Inbjudning till Guds Rike. [Caption title] [At foot of p. 4:] Redigeradt och utgifvet af Hector C. Haight. Tryckt hos F. E. Bording. [Copenhagen, 1857?] [Last word, p. 1:] Evan-.

4 pp. 21 cm.

Items 1128 and 1129 are entered here because all but the last paragraph of their texts appears to be a Swedish translation, with some omissions, of the first three and a half pages of the preceding two items. They are different editions, and the textual differences between them suggest that item 1129 is the later edition.1 Exactly when they were published is not known. The Scandinavian Mission printing account daybook, under October 1856, lists 4,000 copies of “Inbydelse Svenisk” printed at a cost of 32 rigsdaler, but, compared with other costs, this seems too high for a 4-page tract.2 

Flake-Draper 4232b. Item 1128: USlC. Item 1129: UPB, USlC.
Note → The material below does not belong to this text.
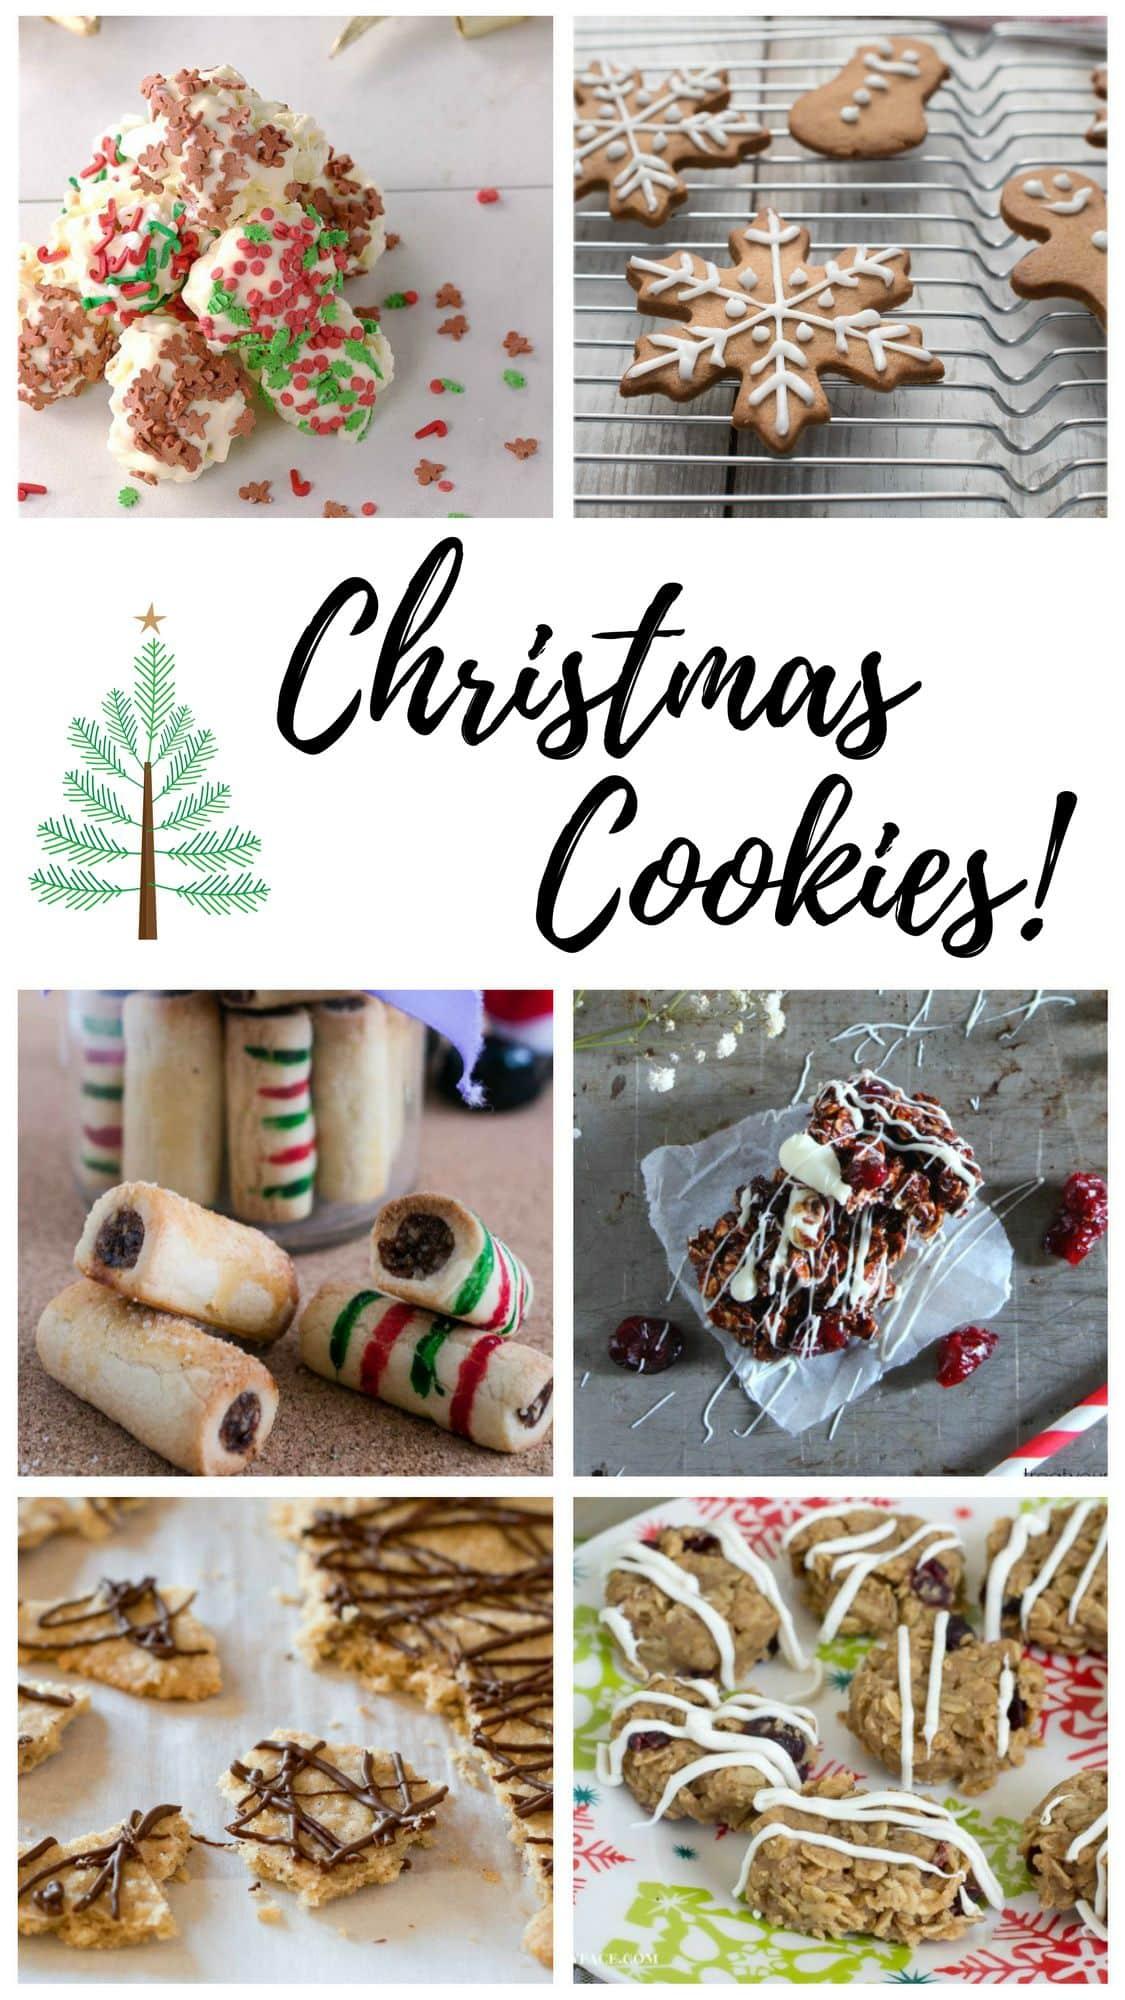 Christmas Cookie Recipe Roundup #FoodBlogGenius via flouronmyface.com

[Ship circulars. Liverpool, 1857]

Among the charges for “circulars” and “notifications” from Richard James in the European Mission financial records for 1857 are two identified with specific emigrant ships, the George Washington, with a charge of £1, and the Tuscarora, with a charge of 7s.1 One might guess that James printed circulars for these two ships similar to those for the James Pennell and Horizon, perhaps as many as 400 for the George Washington and 150 for the Tuscarora (see items 430, 452, 561, 759, 775, 871, 914, 984, 1027, 1058, 1078). The George Washington sailed from Liverpool for Boston on March 28 with 817 Latter-day Saints under the direction of James P. Park, arriving on April 20, and the Tuscarora sailed from Liverpool on May 30 with 547 Saints under Richard Harper and arrived at Philadelphia on July 3. Although not specifically mentioned in the financial records, a circular was undoubtedly issued for the other emigrant ship of the 1857 season, the Westmoreland, which sailed from Liverpool for Philadelphia on April 25 with a company of 544, including 424 “handcart” passengers.2 



[Handbill advertising a meeting in Tranent on Thursday, March 26, 1857. Tranent? 1857?]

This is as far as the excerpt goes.